Russkaya Rech
- Editor: Evgenya Tur
- Frequency: Fortnightly
- First issue: 1 January 1861
- Final issue: 4 January 1862
- Country: Russian Empire
- Based in: Moscow
- Language: Russian

= Russkaya Rech (Moscow magazine) =

Former Russian literary and political magazine

Russkaya Rech (Русская речь, Russian Speech) was a Russian fortnightly literary and political magazine which was launched in Moscow on 1 January 1861 by the writer and journalist Evgenya Tur who went on to become also its editor.

Defined originally as "the review of literature, art and history in Russia and in the West," on 14 May of that year it joined forces with the Moscow Herald (Московский вестник) and, under the new title, Russkaya Rech and Moskovsky Vestnik, changed profile, becoming a political, moderately liberal publication. Starting with the No.39 issue, the journalist and publicist Evgeny Feoktistov became the magazine's editor-in-chief, as well as the head of its current politics section.

Other key figures of the magazine's staff were Fyodor Buslayev (foreign literature and history) and Nikolai Tikhonravov (Russian literature and history), with Evgenya Tur running the literary criticism section, where she published her essays on Mikhail Avdeyev, Vsevolod Krestovsky, Nadezhda Khvoshchinskaya and Fyodor Dostoyevsky.

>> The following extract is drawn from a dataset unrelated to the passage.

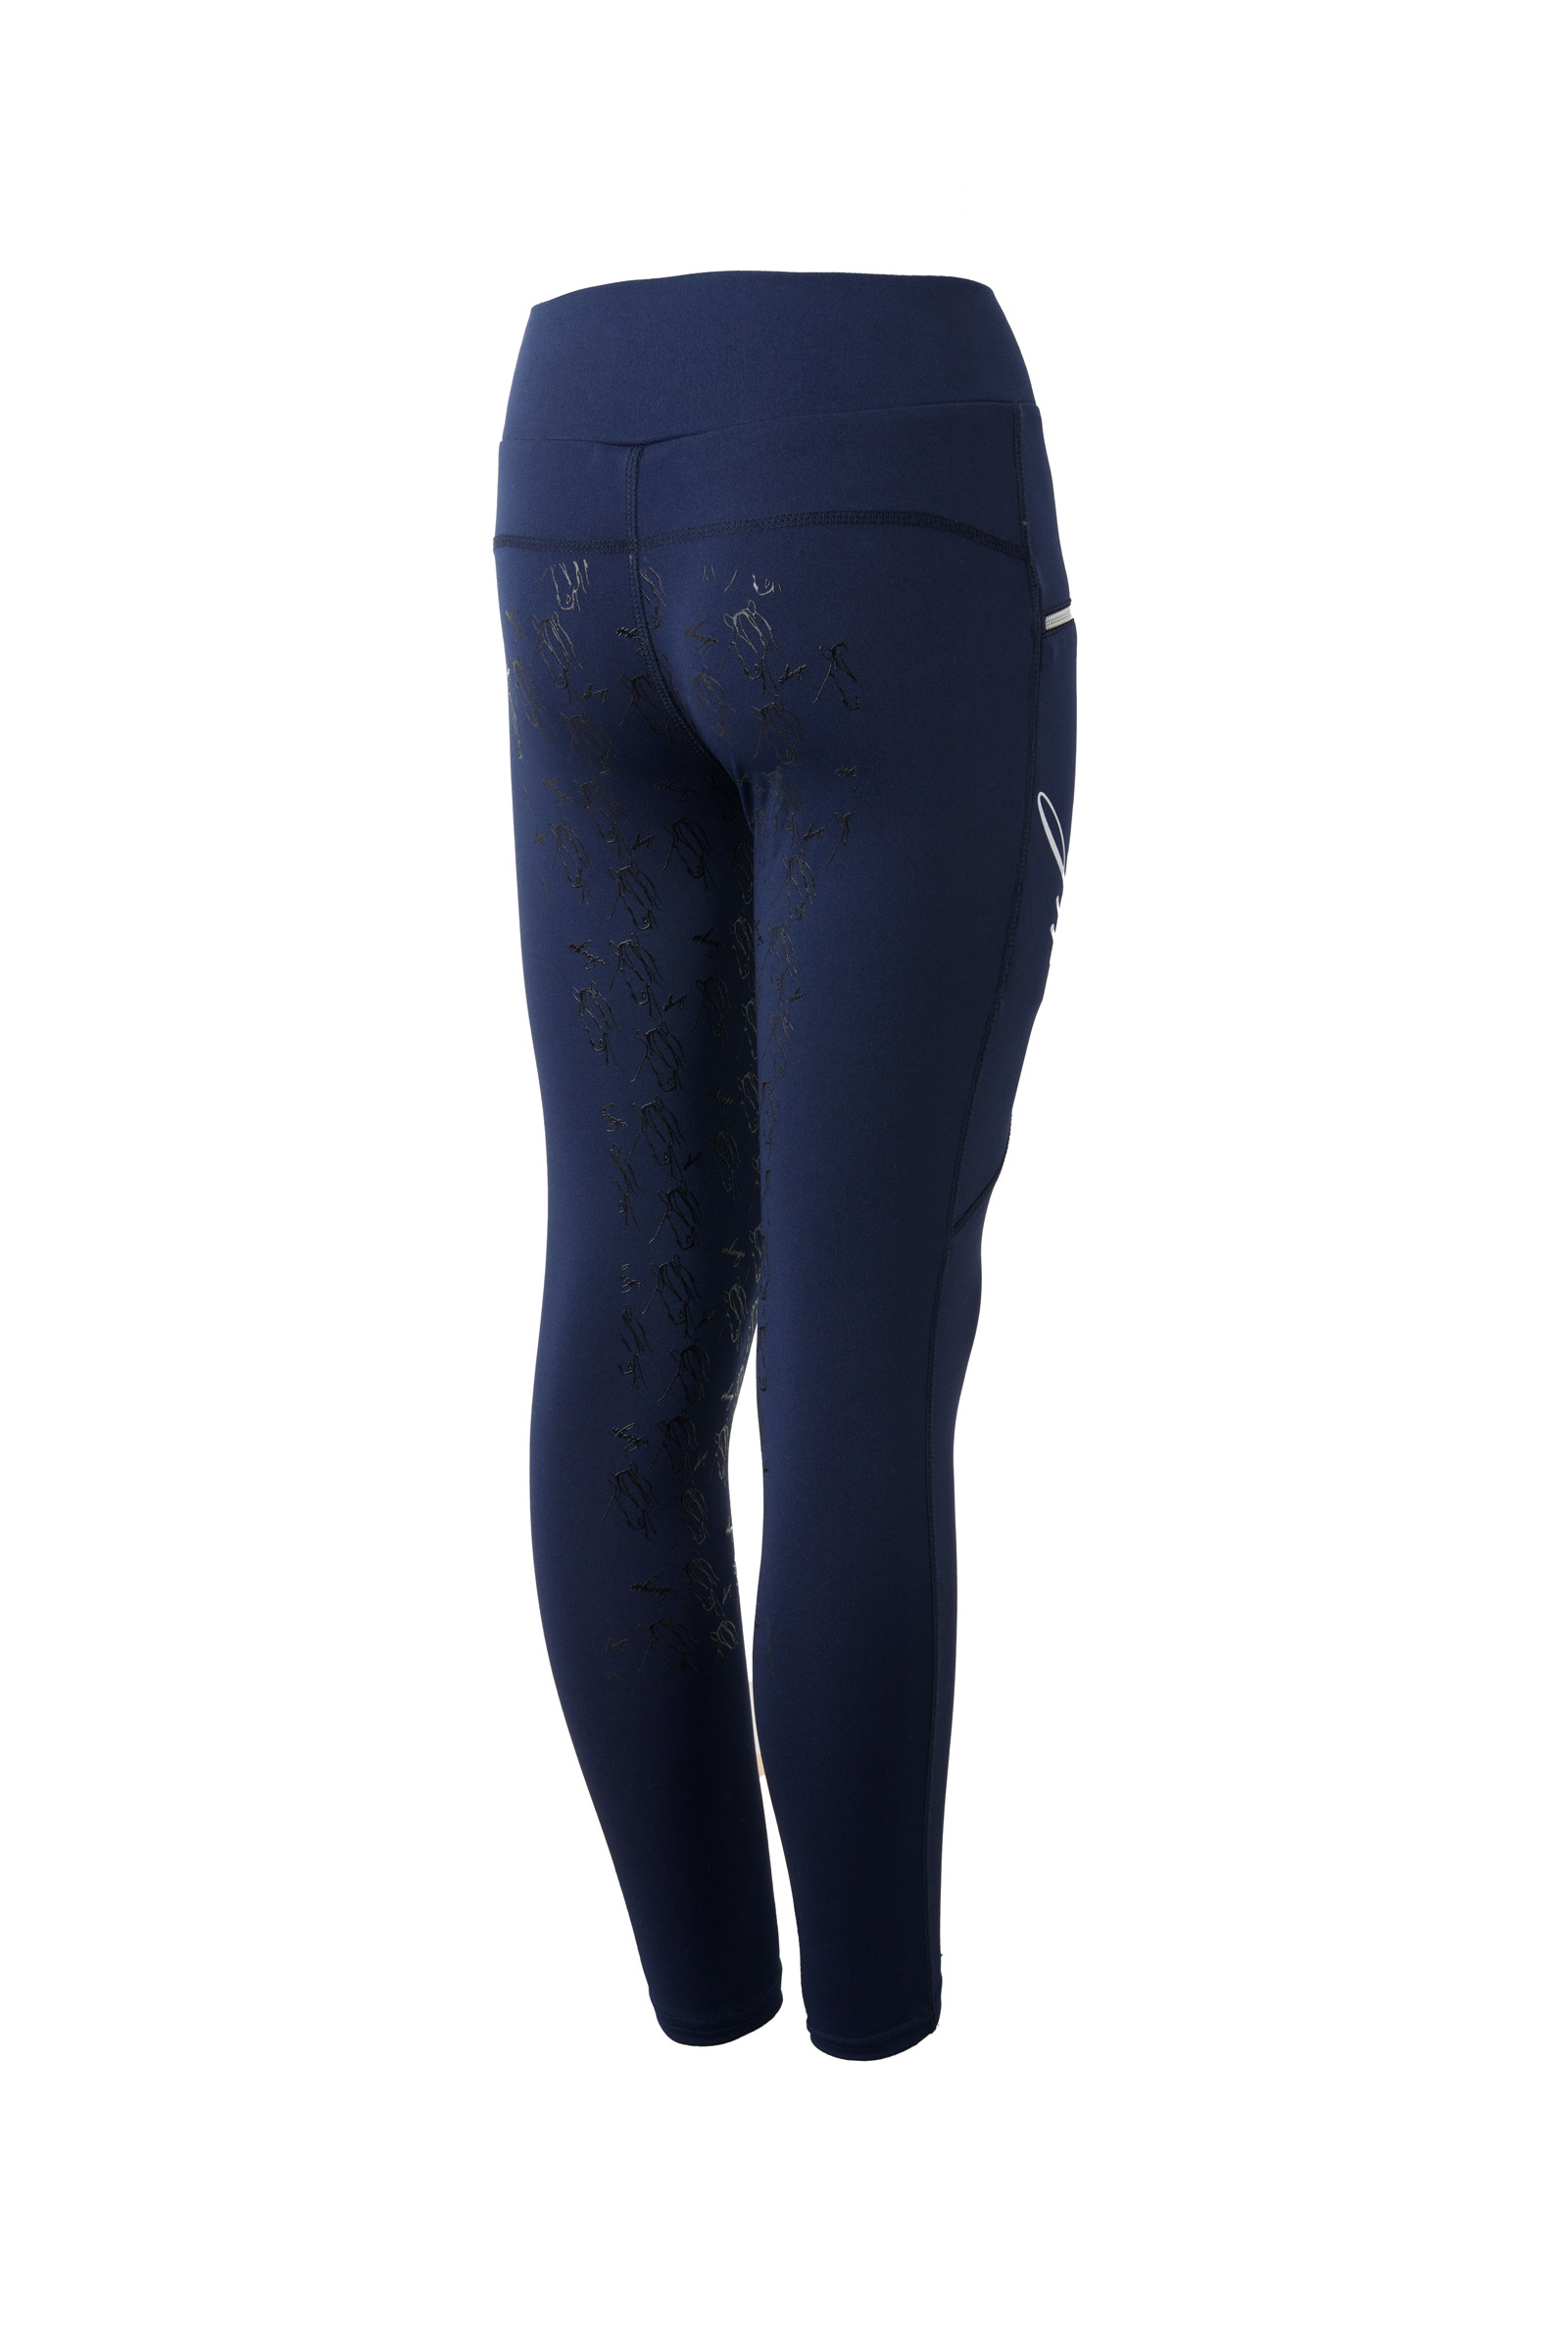 Covalliero Childrens Riding Tights

Among the authors who contributed to the magazine regularly were Alexander Afanasyev, Genrikh Vyzinsky, Apollon Golovachyov, Pavel Zabelin, Dmitry Kachenovsky, Nadezhda Kokhanovskaya, Alexander Levitov, Nikolai Leskov, Nil Popov, Mikhail De Pulet, Mikhail Semevsky, Vasily Sleptsov, Sergey Solovyov and Alexey Suvorin (using the pseudonym Vasily Markov).

The magazine's final issue came out on 4 January 1862, its closure being the result of Tur's leaving Russia for France.